Task details: From the line containing "1Din Android Autoradio" down to the last line of the material, output each line exactly as it appears, excluding pictures.

Dataset extract:

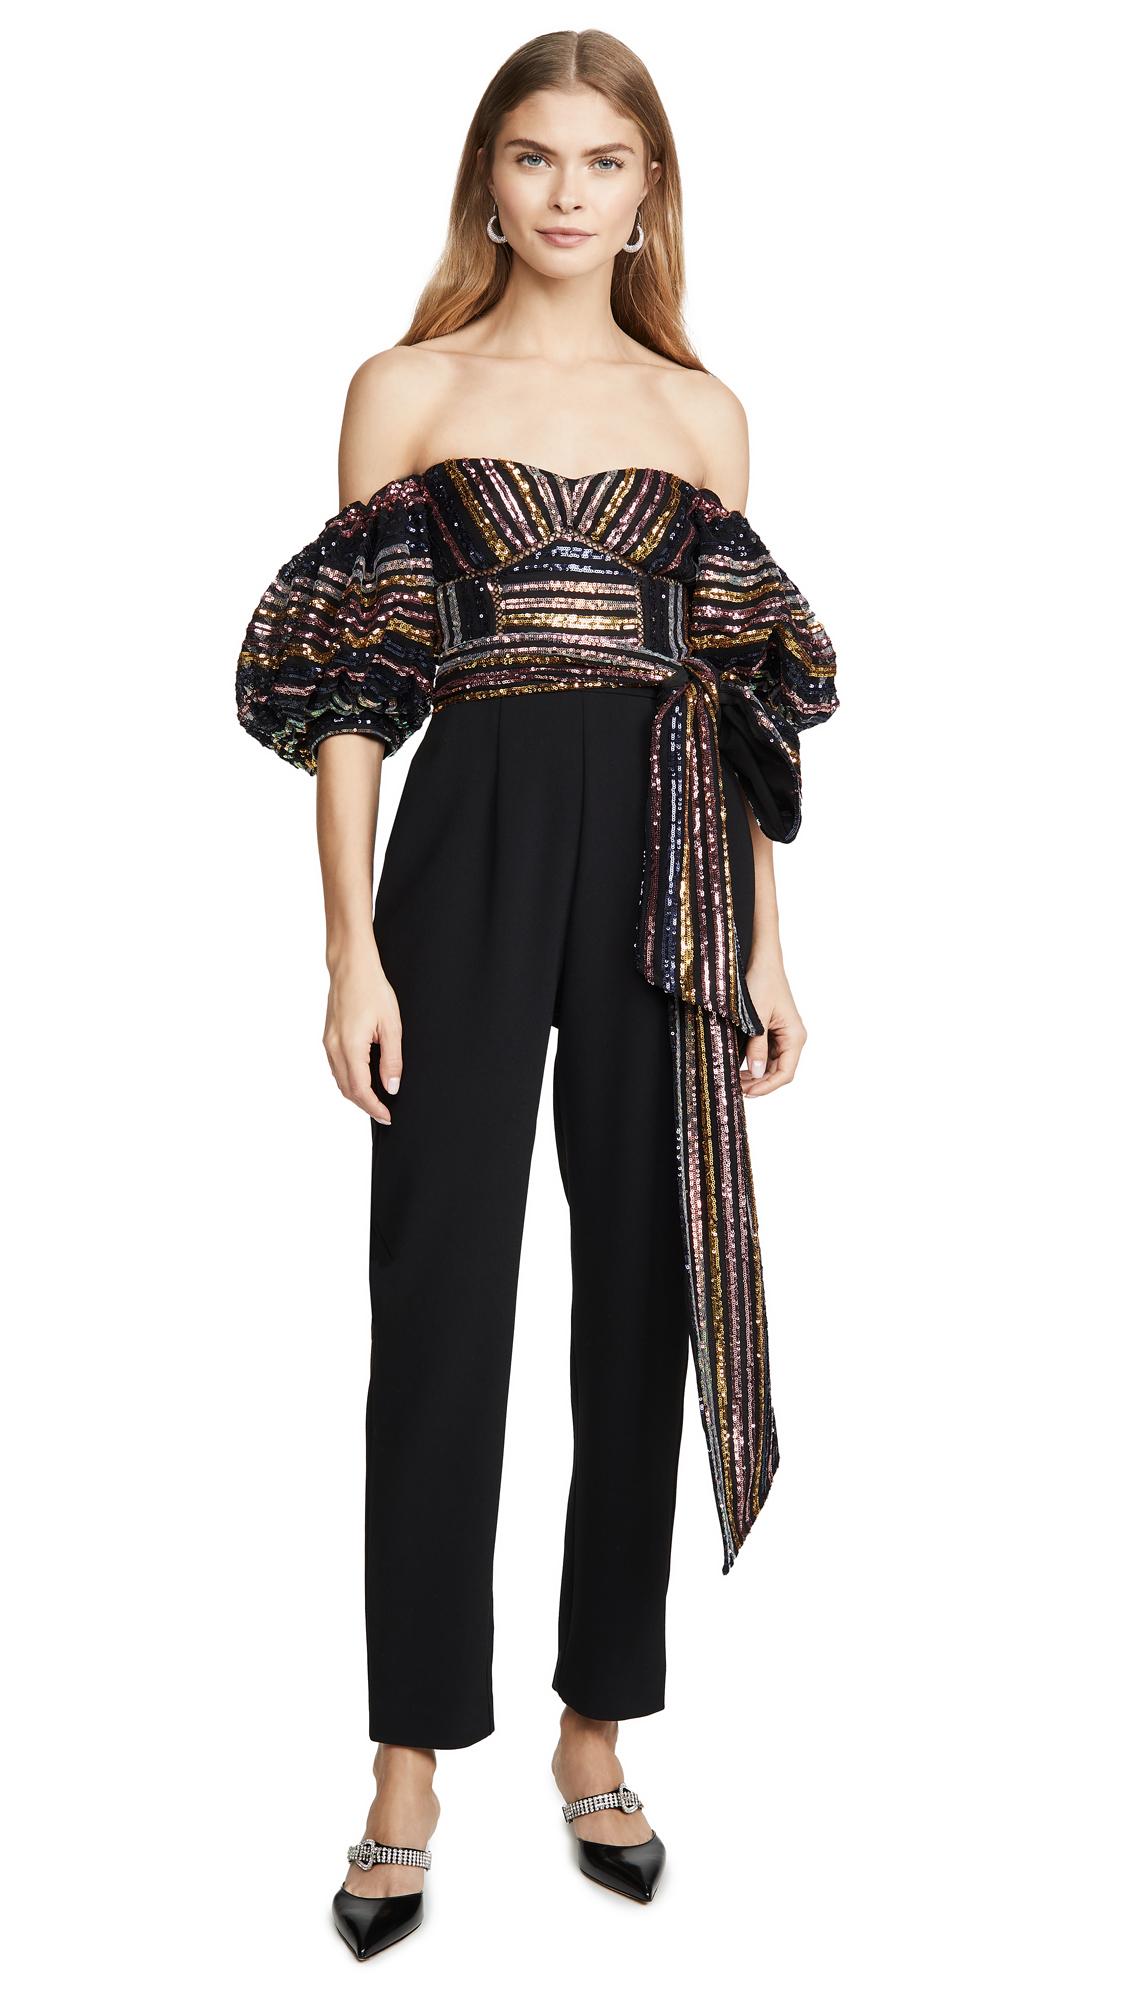 Self Portrait Stripe Sequin Jumpsuit - Multi/Black
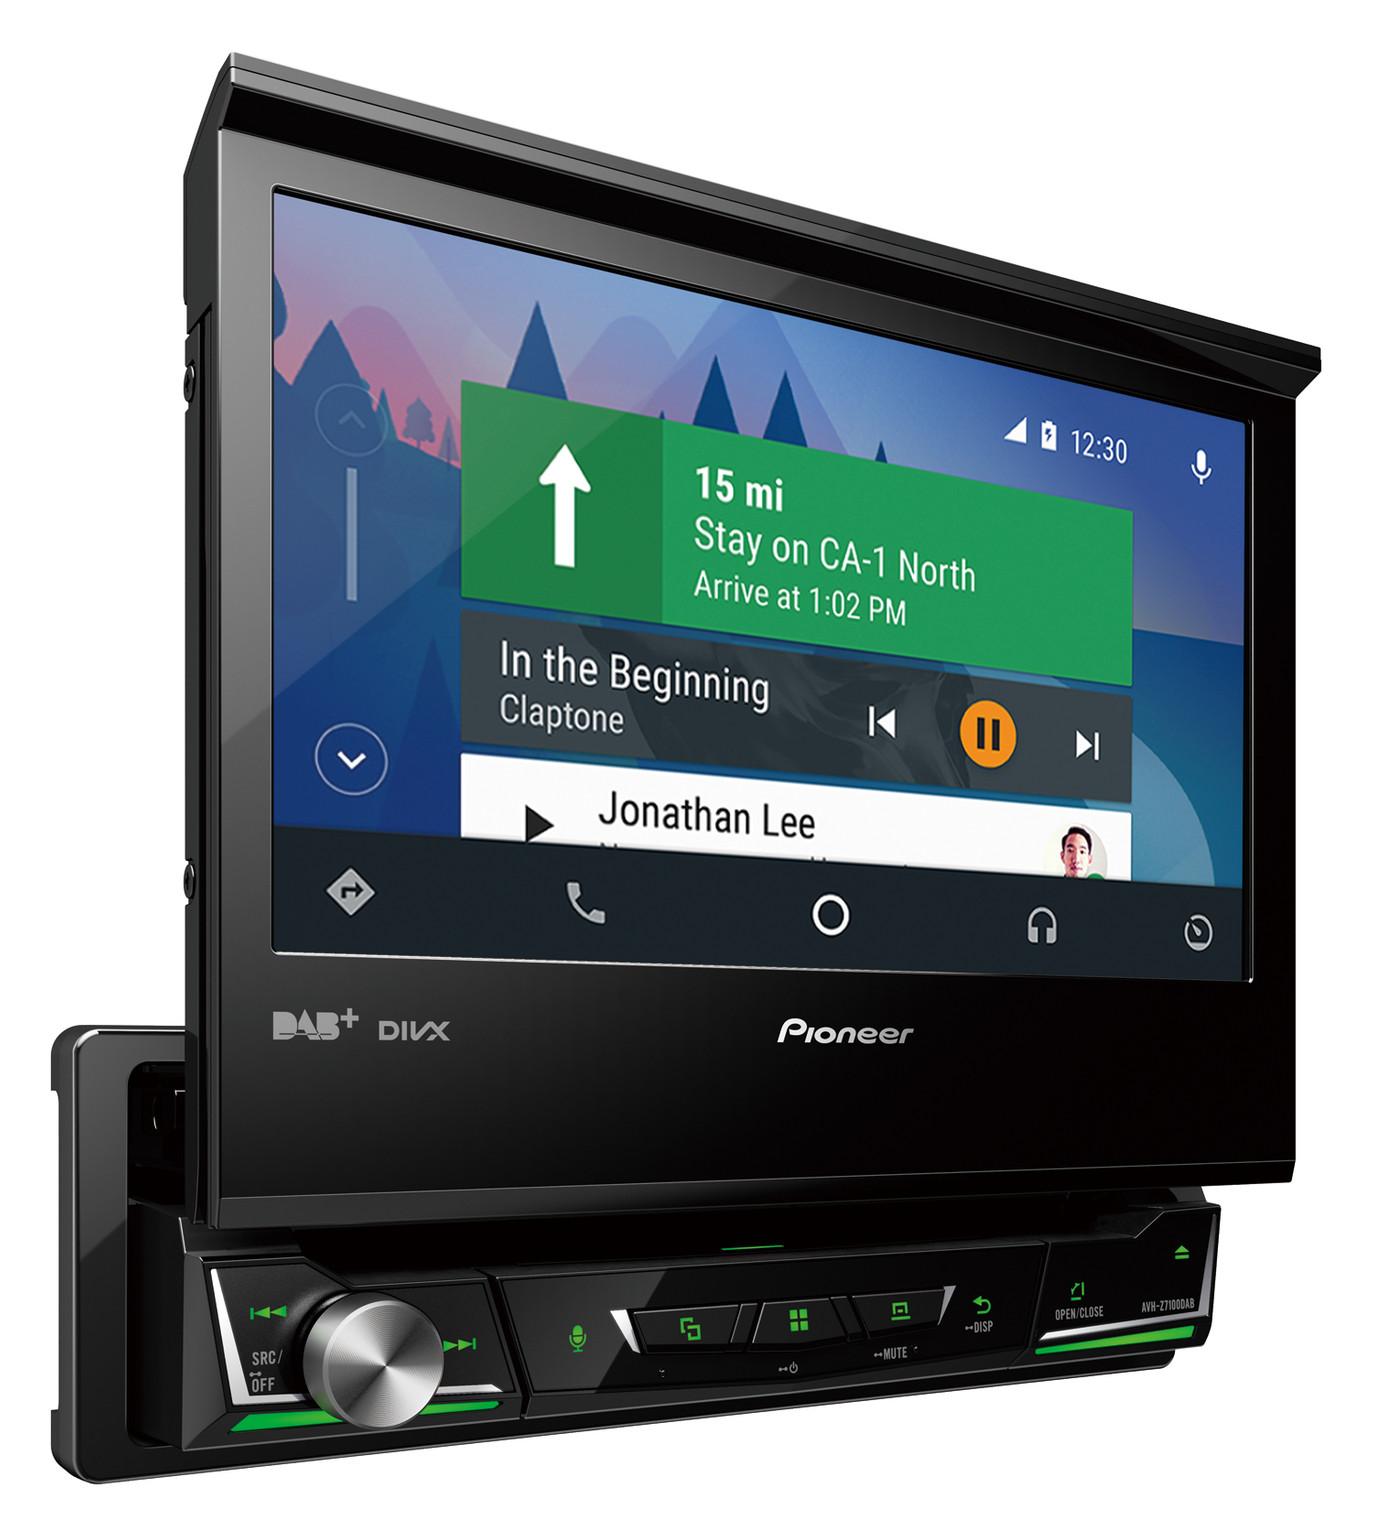 1Din Android Autoradio gevonden op CoolBlue | Huisvanvandaag.nl
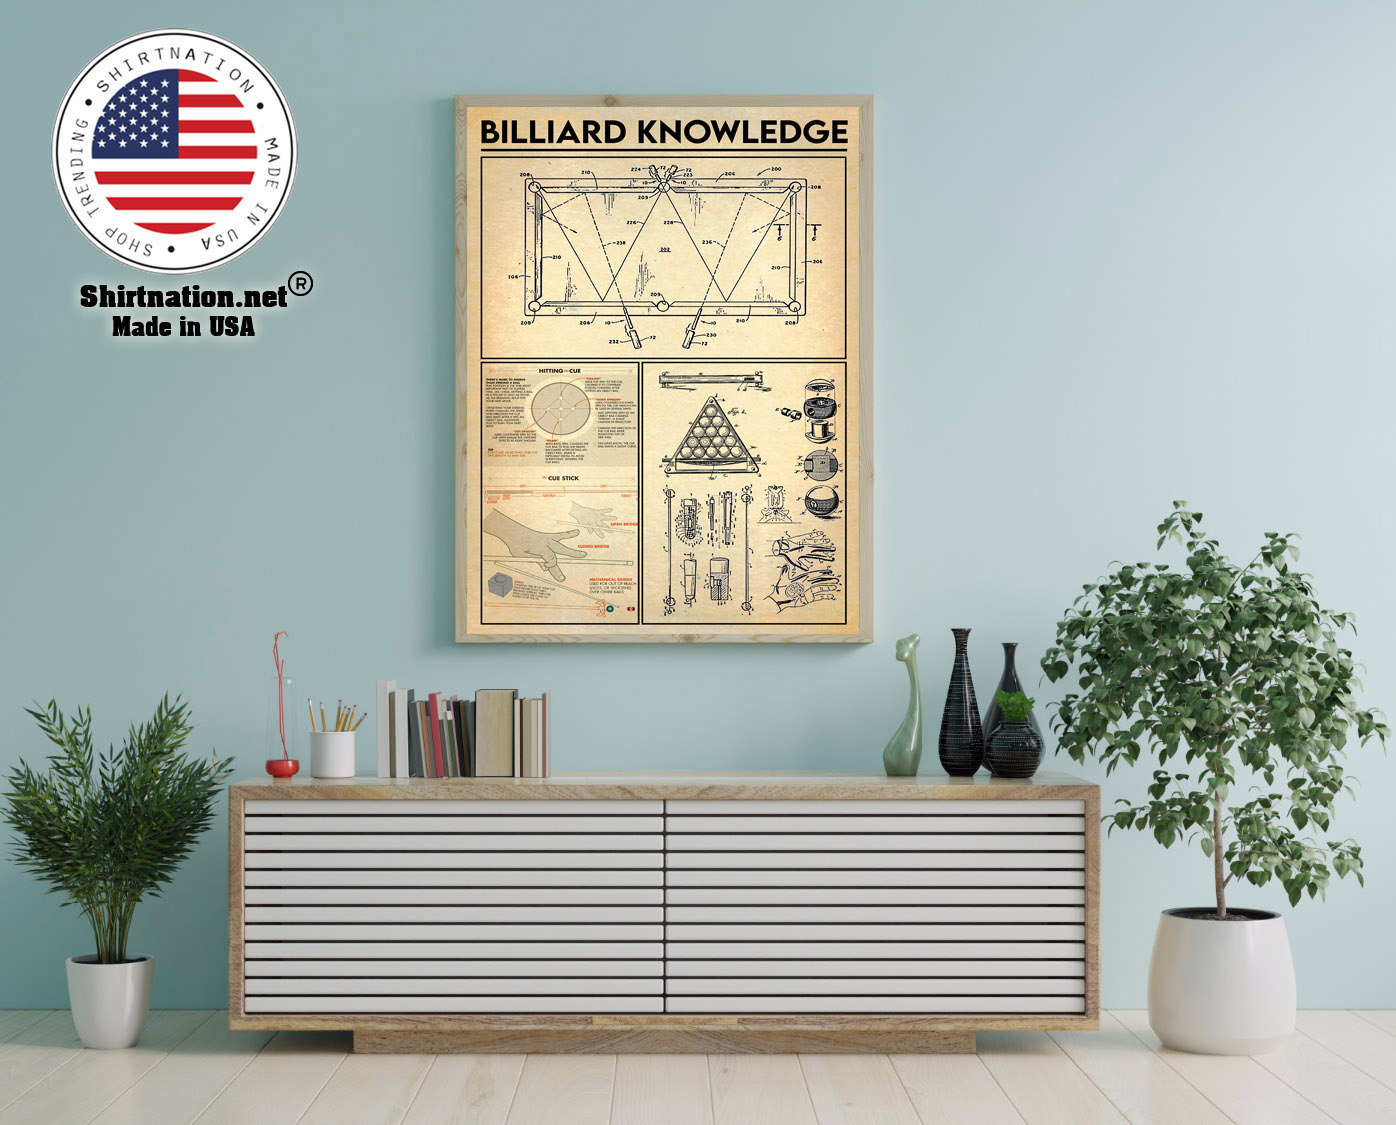 Billiard knowledge poster 12

Response to the exercise:
 1Din Android Autoradio gevonden op CoolBlue | Huisvanvandaag.nl
 Billiard knowledge poster 12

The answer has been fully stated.